··· Given material ···

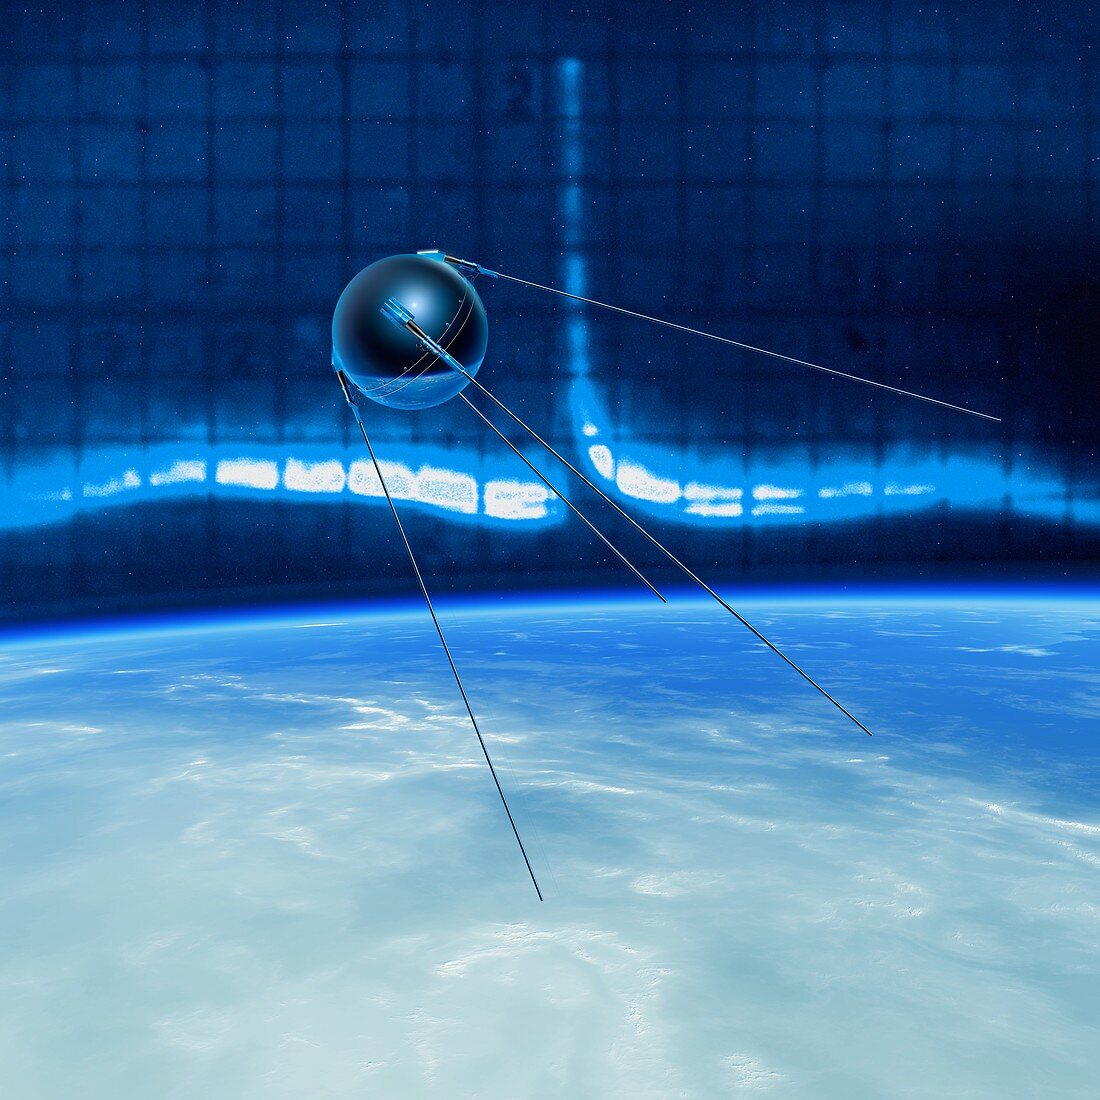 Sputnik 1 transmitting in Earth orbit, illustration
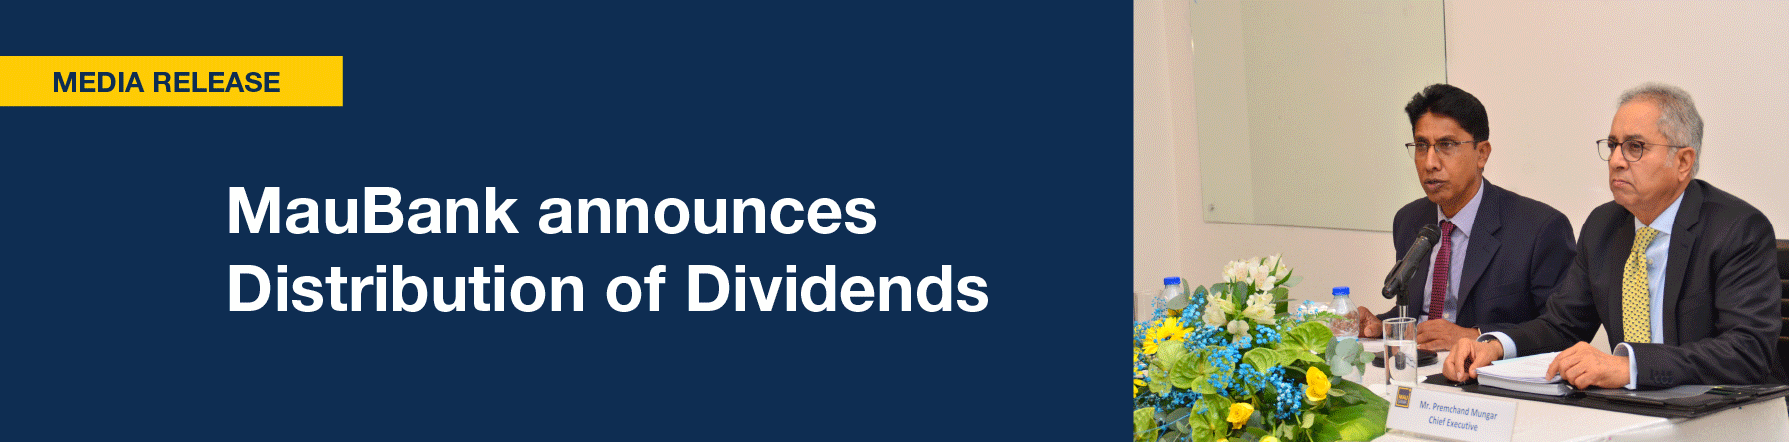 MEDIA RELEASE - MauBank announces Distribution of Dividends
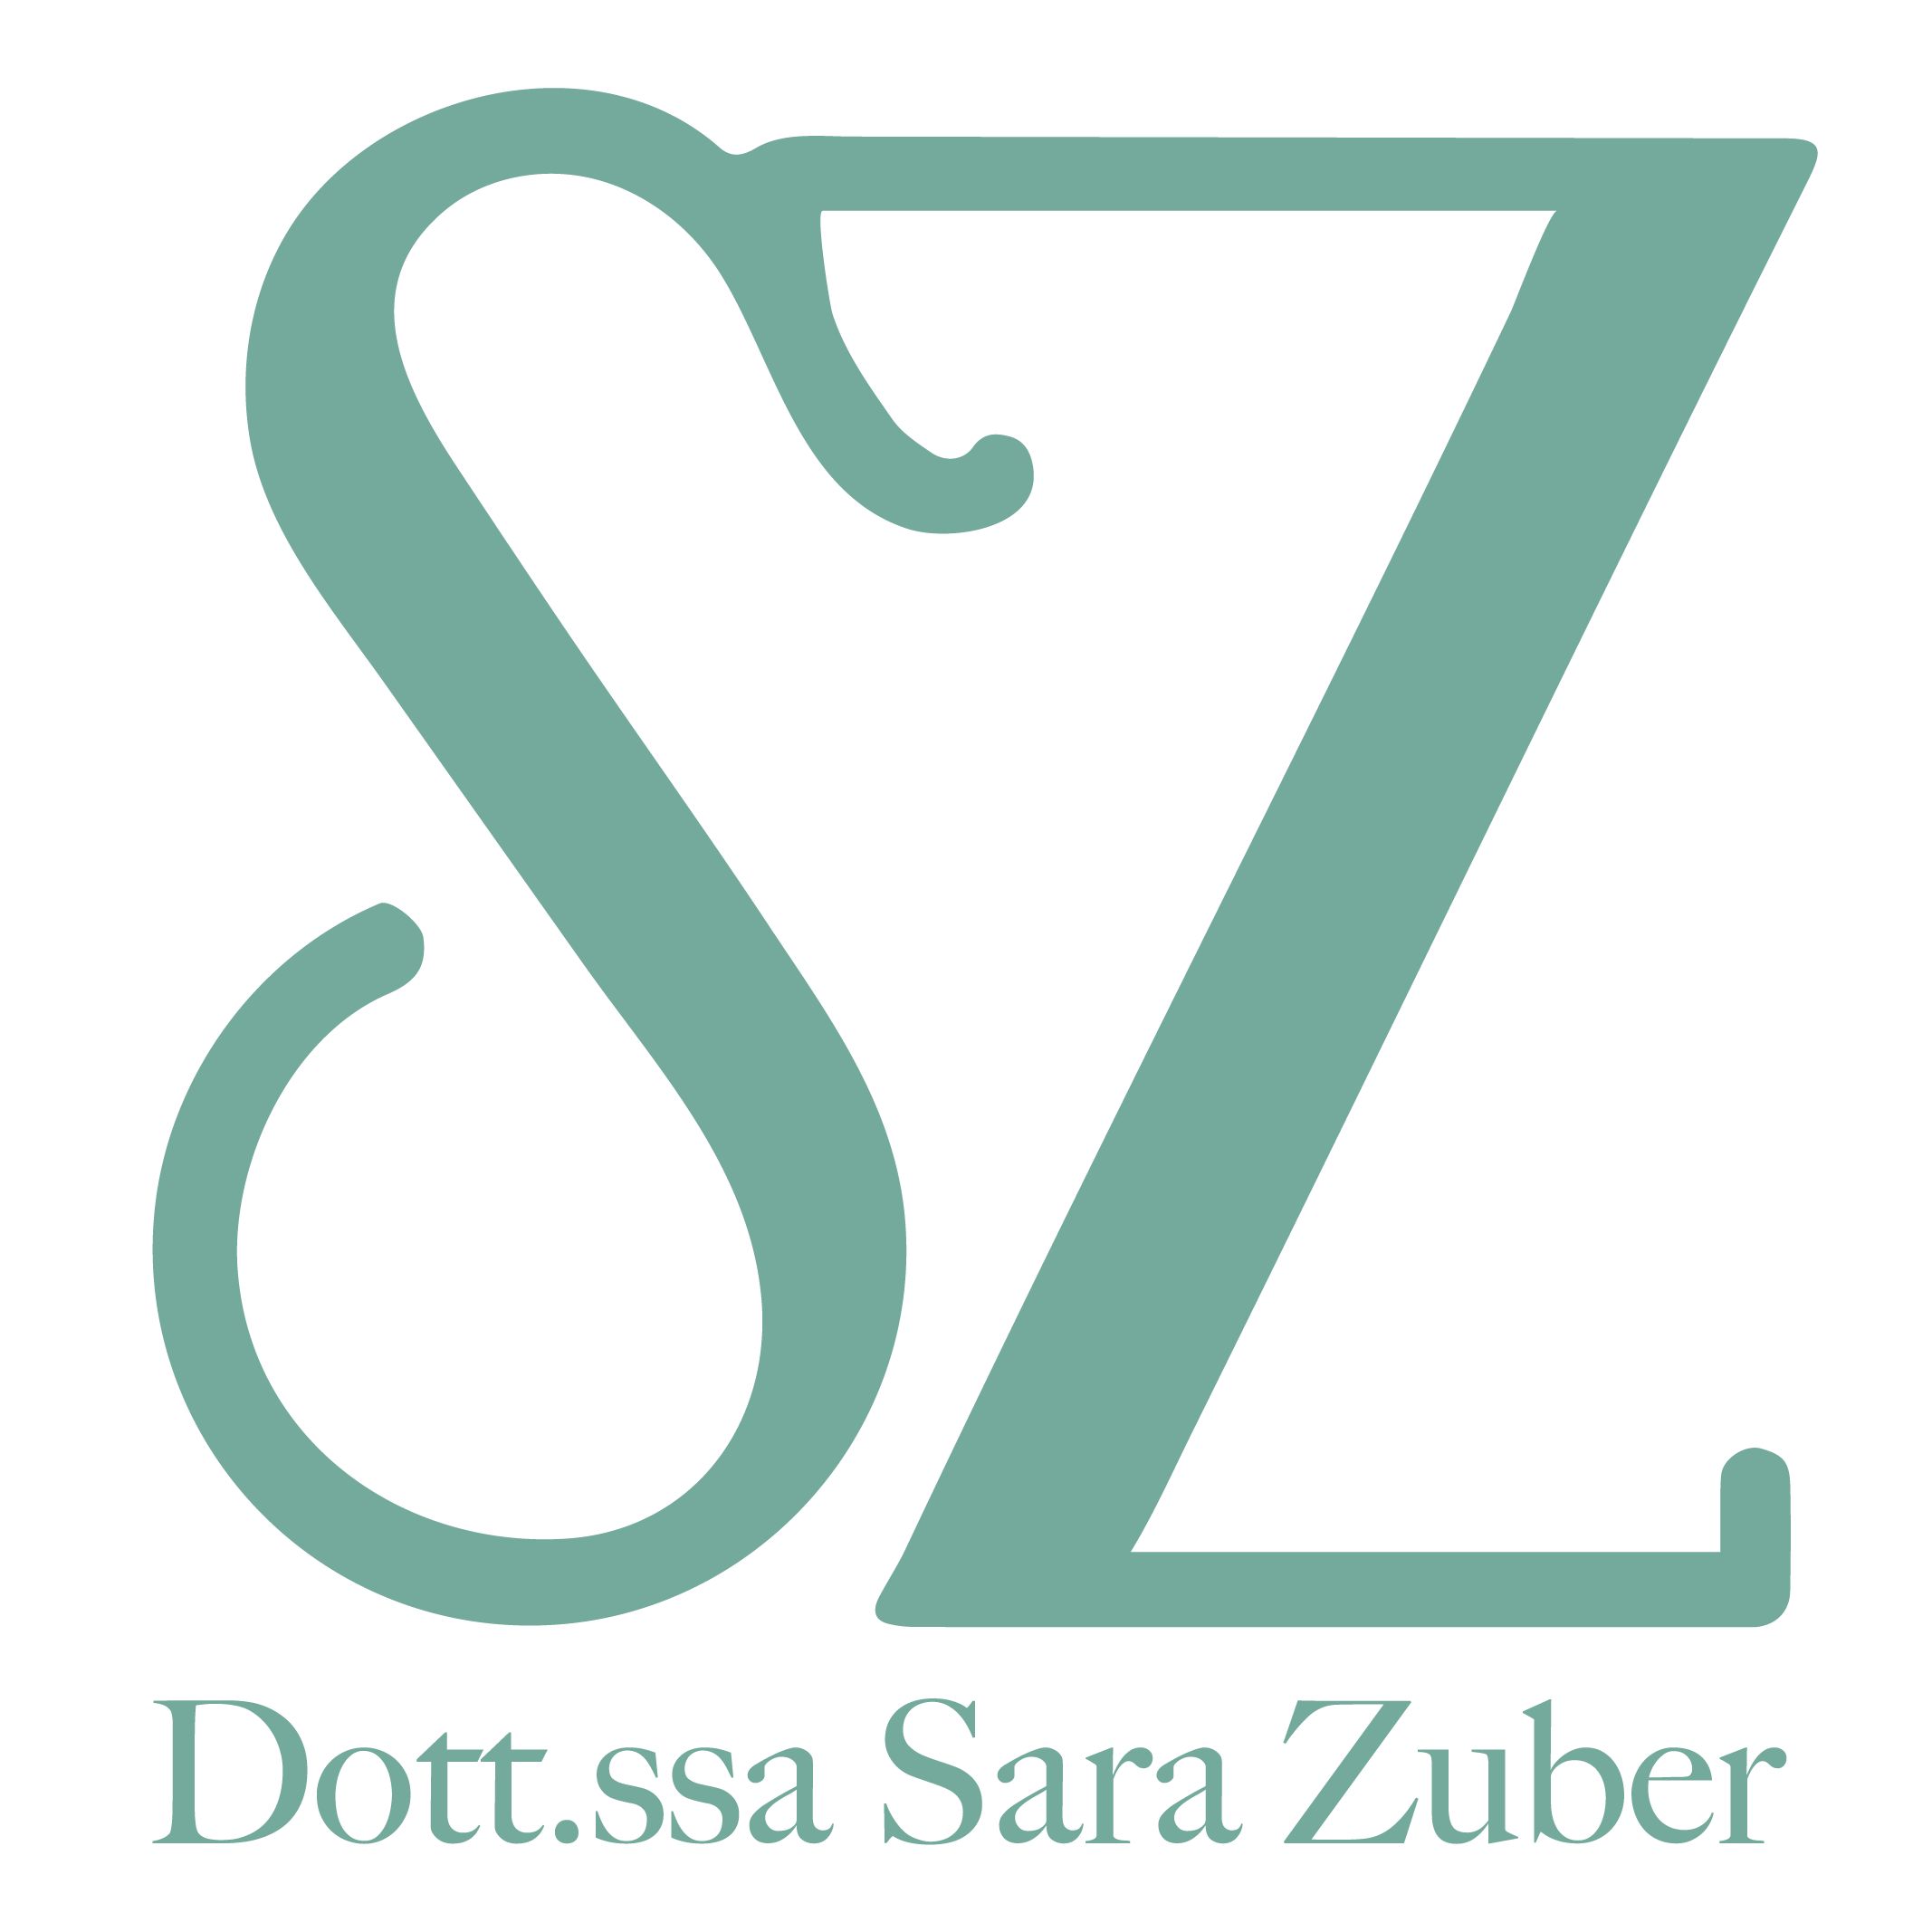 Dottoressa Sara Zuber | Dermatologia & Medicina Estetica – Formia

···

▸ Task instructions
From the line containing "MEDIA RELEASE - MauBank" through the last line of the listing, inclusive, transcribe every line exactly and nothing else; the pictures stay out.

▸ Answer space
 MEDIA RELEASE - MauBank announces Distribution of Dividends
 Dottoressa Sara Zuber | Dermatologia & Medicina Estetica – Formia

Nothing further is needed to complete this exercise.